States' Rights: Gay Marriage, Abortion and SlaverySubmitted by msalomon on Sun, 12/18/2011 - 17:38
The other day, a couple of us Paulites did a sign wave. While we were out there a civil libertarian walked up to us and wanted to ask some questions about RP and his consistency on civil liberties. He said he's always liked RP, but he is very frustrated that he has taken a states' right stance on abortion and gay marriage, a stance that this man believes is not consistence with RP's record on civil liberties. So of course the guy posed the ridiculous question, "What if a state wanted to re-institute slavery, would that be acceptable under a Ron Paul administration?"
Now, I'm not very well versed in the defense of the states' rights position. I've been meaning to read Tom Woods' 'Nullification' (please suggest other books), but haven't got around to it yet. However, I did try to defend it to the best of my knowledge. First off, I told the man that slavery would never rear its ugly head again in this culture. Secondly, that it was best to leave controversial culture war issues like gay marriage and abortion for the states to decided, rather than a one size fits all federal law.
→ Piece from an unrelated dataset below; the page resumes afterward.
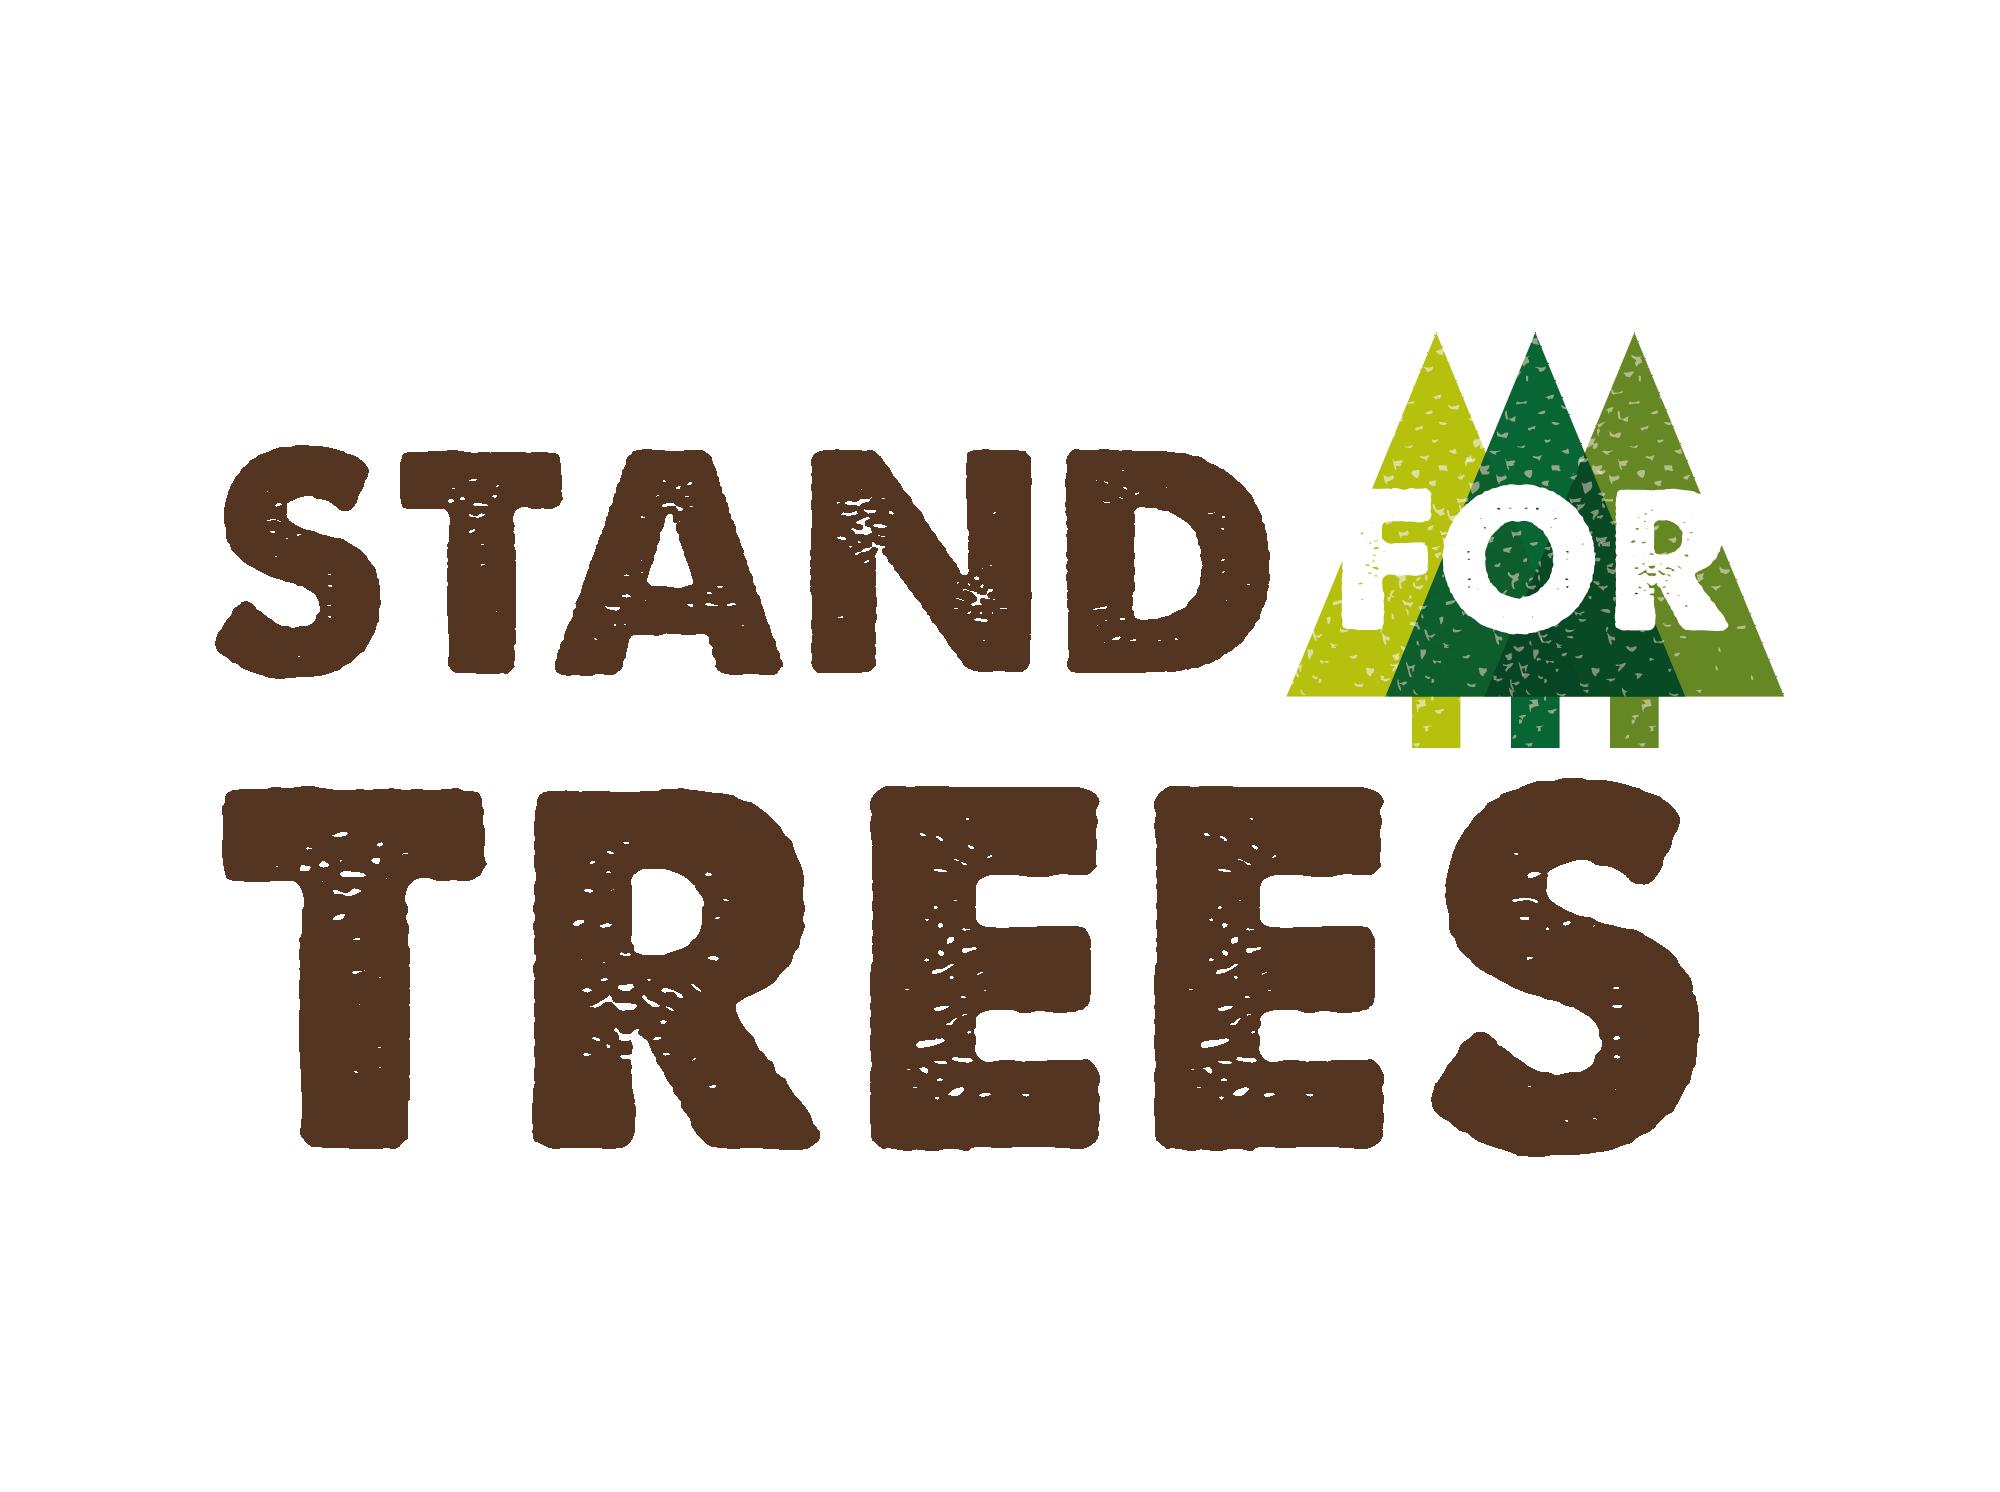 Strand For Trees

He did not want to accept this answer, he simply just argued for federal supremacy over states on civil liberty issues.
At this point I was kind of stumped. I did have one other point to make, but unfortunately I couldn't because one of the guys that was with us was getting a bit combative with him, and scared him off. The man got flustered and said he wouldn't vote for RP now. The idiom, "you can catch more flies with honey than with vinegar" might be the topic of another post later, some of us Paulites need to remember that. The other point that I would've liked to make was that if we were to decentralize power and cut huge swathes through the federal budget, states would have to be more competitive for accumulating more tax payers. They would lose many taxpayers if they alienated them with laws that violated their civil liberties. Of course the rebuttal to this is, "how can you vote with your feet and leave an oppressive state if you're poor?"
Are these arguments valid? What other points can I make if this question is posed to me again?